Conformal Risk Prediction for Non-Alcoholic Fatty Liver Disease Using Gradient Boosting with Distribution-Free Coverages
Pith reviewed 2026-06-28 17:34 UTC · model grok-4.3
The pith
Gradient boosting with conformal prediction yields NAFLD risk sets that meet distribution-free coverage guarantees.
A machine-rendered reading of the paper's core claim, the machinery that carries it, and where it could break.
Core claim
Coupling gradient-boosted trees with mutual-information stability selection and conformal prediction produces prediction sets for NAFLD risk whose marginal coverage exceeds any user-specified level, while the underlying scores achieve AUROC 0.912 internally and 0.891 externally and support a risk stratification in which the high-risk tier shows 4.7 times the 12-month progression rate of the low-risk tier.
What carries the argument
Conformal prediction sets constructed around gradient-boosting outputs, which enforce distribution-free marginal coverage on the individual risk estimates.
If this is right
- The conformal sets achieve 91.3% empirical coverage at the 90% nominal level.
- The high-risk subgroup shows a 12-month progression rate 4.7 times that of the low-risk tier.
- The retained features (waist circumference, ALT, GGT, triglycerides, fasting glucose, BMI) match established metabolic risk factors.
- The framework outperforms deep neural networks, TabNet, support vector machines, and logistic regression on both internal and external validation.
Where Pith is reading between the lines
- The same pipeline could be applied to other metabolic or hepatic conditions without altering the coverage guarantees, provided exchangeability holds.
- The compact feature subset may enable low-cost screening programs that avoid full laboratory panels.
- External validation on populations with different demographics would test whether the coverage property transfers beyond the Chinese cohorts studied.
Load-bearing premise
The observations satisfy the exchangeability condition required for the conformal procedure to deliver valid marginal coverage guarantees.
What would settle it
An independent cohort in which the fraction of true outcomes contained inside the conformal prediction sets falls below the nominal coverage level.
Figures
read the original abstract
Non-alcoholic fatty liver disease (NAFLD) affects roughly 25% of global adults, posing substantial hepatic and cardiovascular risks.
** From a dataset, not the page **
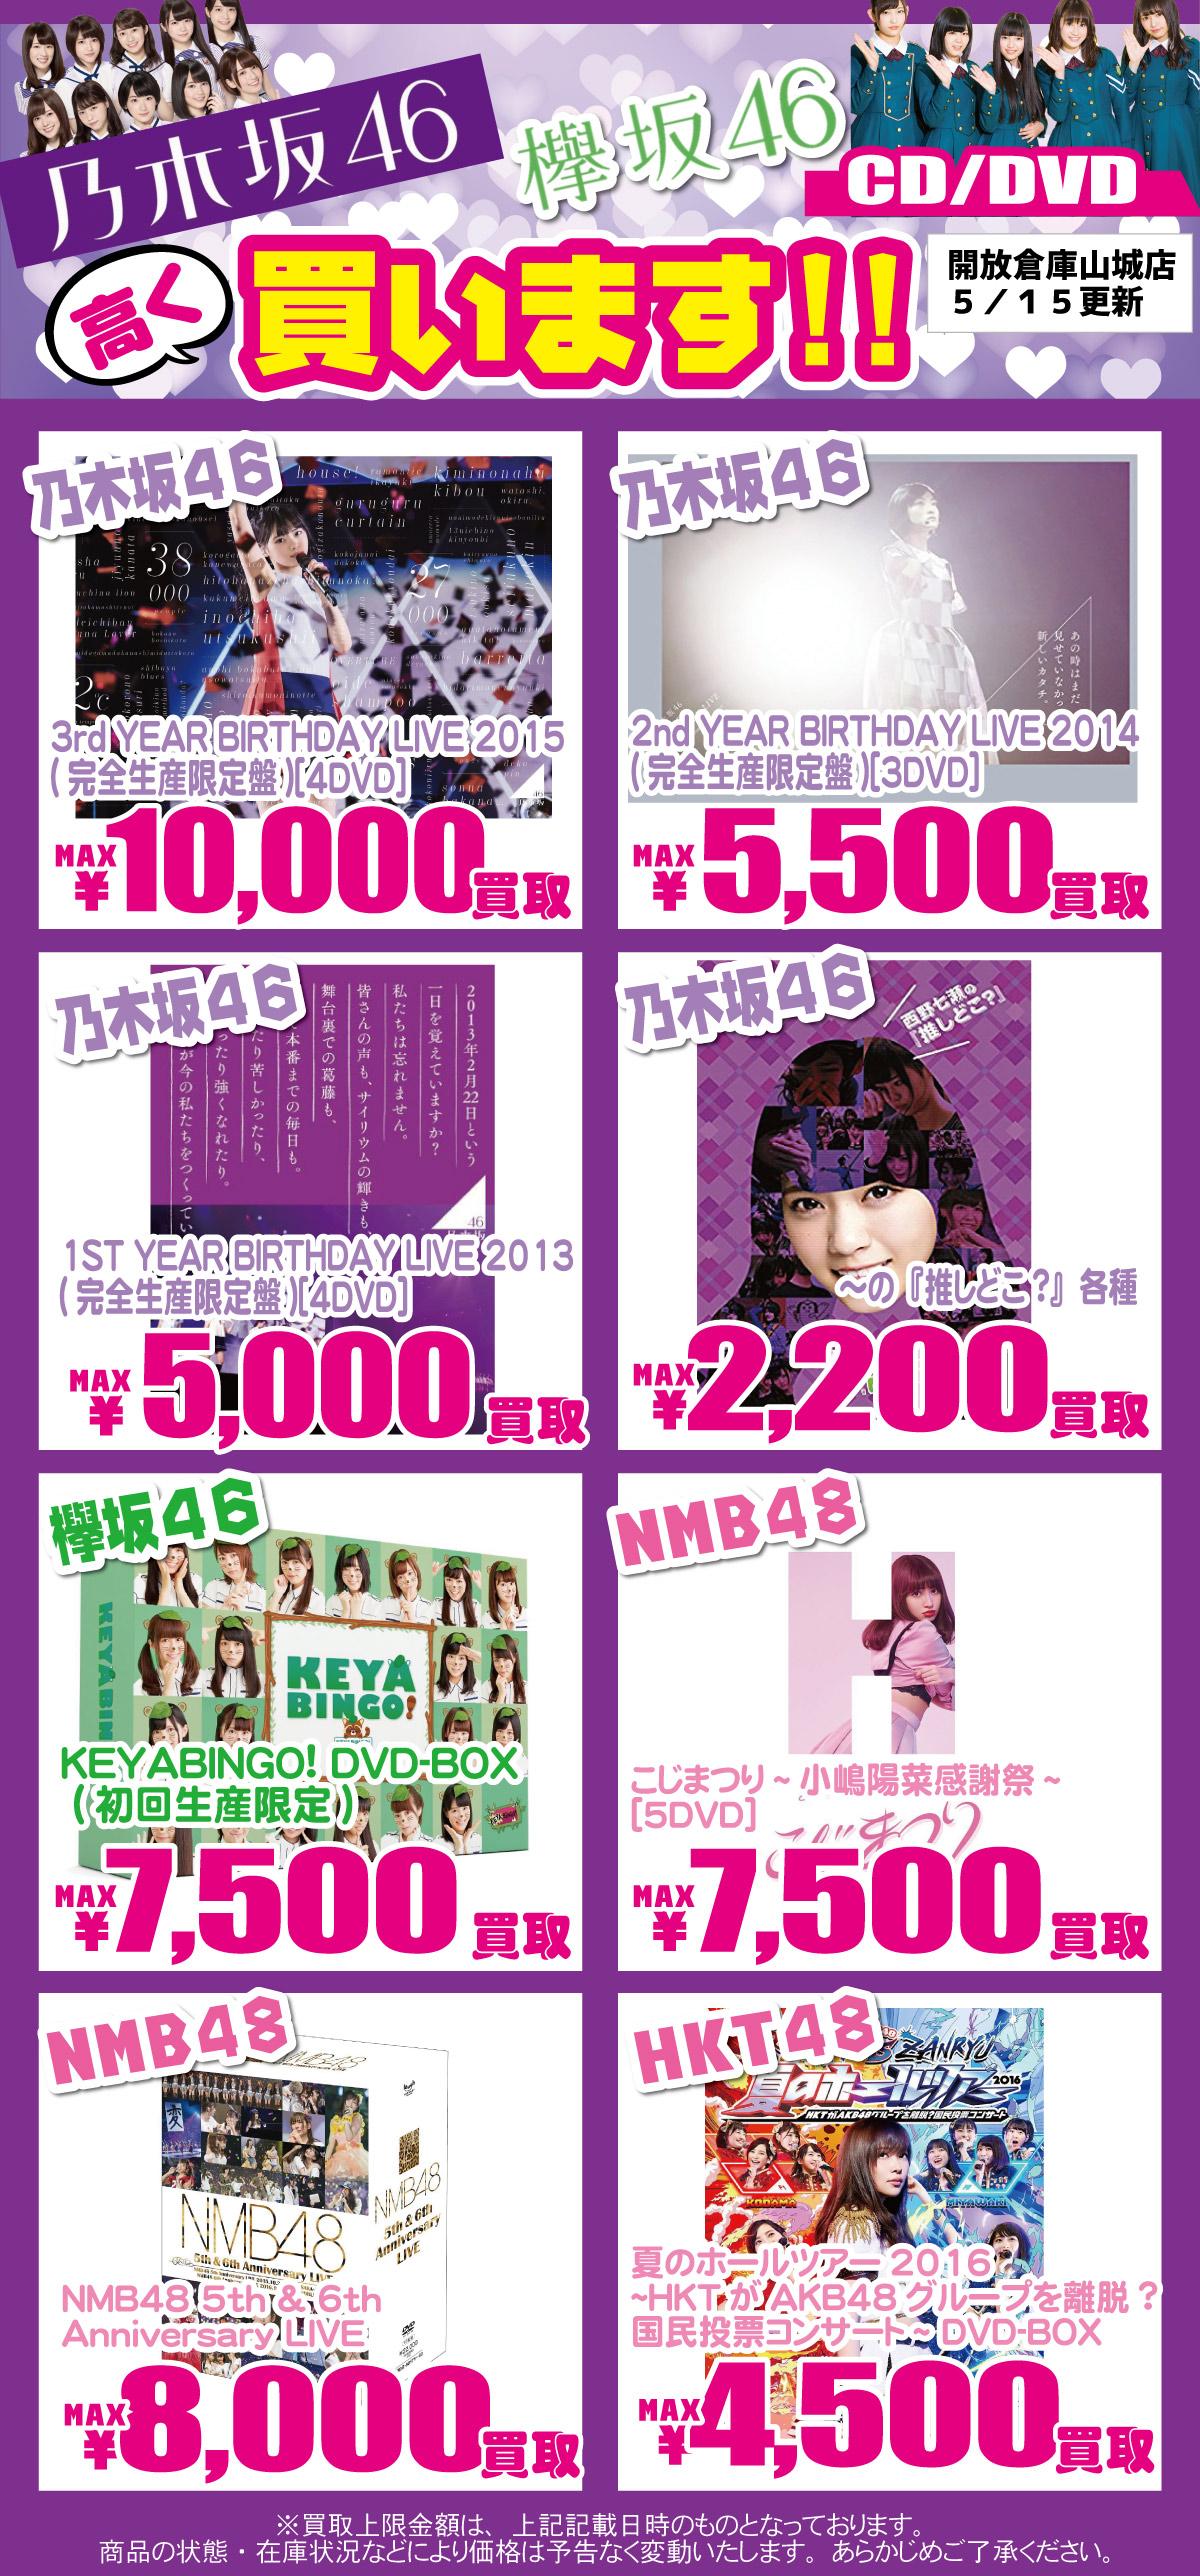 「開放倉庫山城店」乃木坂46、欅坂46CD/DVD高く買います!!
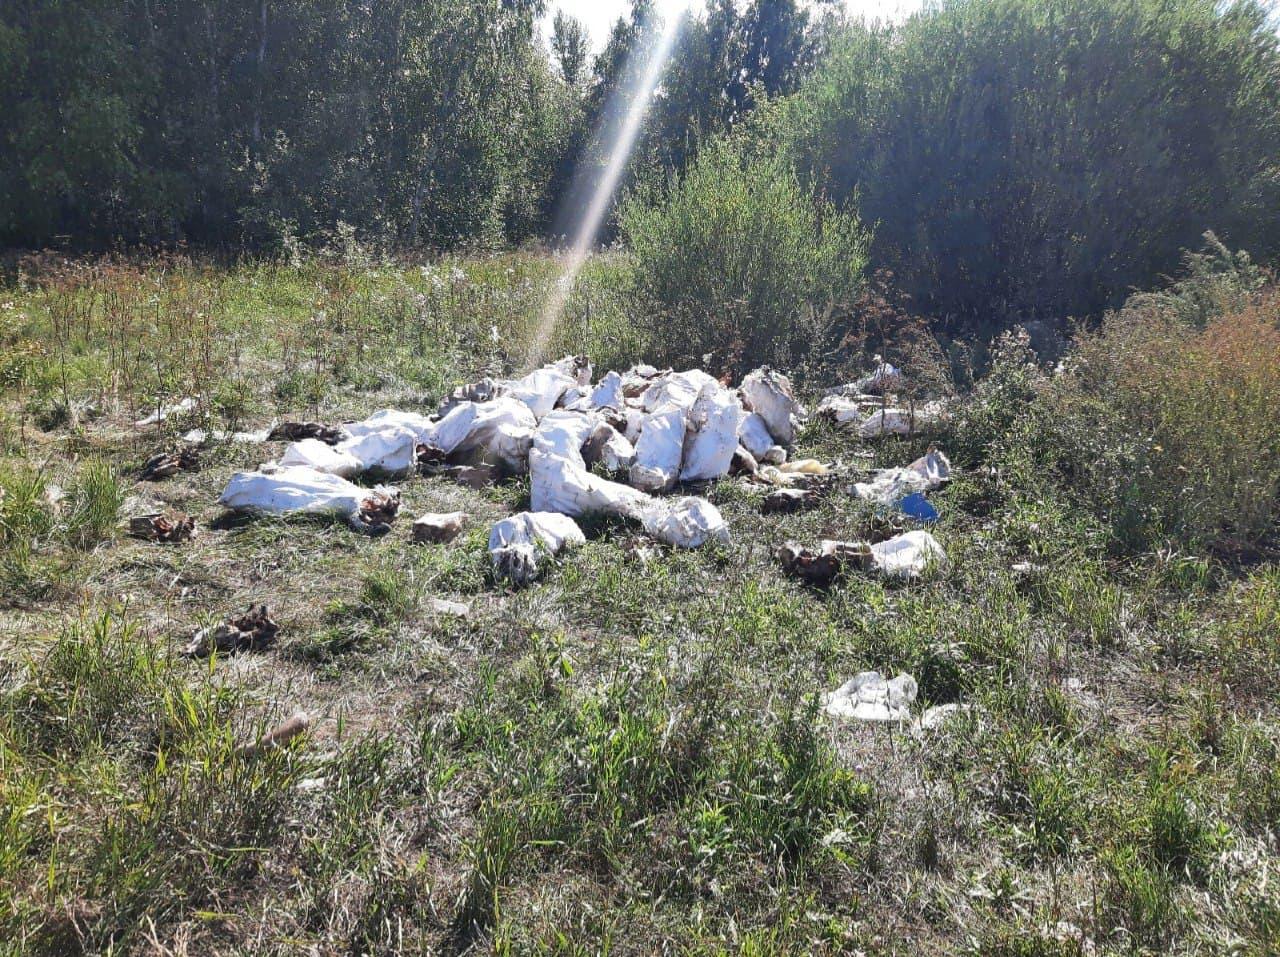 В Омске нашли две свалки с черепами #Новости #Общество #Омск

Yet, population-level screening tools remain inadequate. We present Method, a machine-learning framework for NAFLD risk prediction coupling gradient-boosted decision trees with conformal prediction to yield calibrated, distribution-free coverage guarantees on individual risk estimates. It integrates a mutual-information-based stability selection procedure to identify a compact, clinically interpretable feature subset via bootstrap resampling, constructing prediction sets whose marginal coverage provably exceeds a user-specified confidence level. We evaluated Method on a multicenter cohort from Guangzhou, China (primary n=2,187; external validation n=412) using 78 candidate features across demographics, metabolic biomarkers, and lifestyle factors. Method achieves an AUROC of 0.912 internally and 0.891 externally, outperforming deep neural networks, TabNet, support vector machines, and logistic regression. Conformal prediction sets achieve 91.3% empirical coverage at the 90% nominal level. A three-tier risk stratification derived from these scores separates the population into distinct groups, with the high-risk subgroup showing a 12-month progression rate 4.7 times that of the low-risk tier. The selected features -- notably waist circumference, ALT, GGT, triglycerides, fasting glucose, and BMI -- align with established metabolic risk factors, providing biological plausibility.
Editorial analysis
A structured set of objections, weighed in public.
Referee Report
Summary. The paper introduces a framework combining gradient-boosted decision trees with conformal prediction and mutual-information stability selection to produce NAFLD risk predictions with distribution-free marginal coverage guarantees. On a multicenter Guangzhou cohort (n=2187 primary, n=412 external) using 78 features, it reports AUROC 0.912 (internal) and 0.891 (external), 91.3% empirical coverage at the 90% nominal level, and a three-tier stratification in which the high-risk group exhibits 4.7-fold higher 12-month progression than the low-risk group, outperforming DNNs, TabNet, SVMs, and logistic regression.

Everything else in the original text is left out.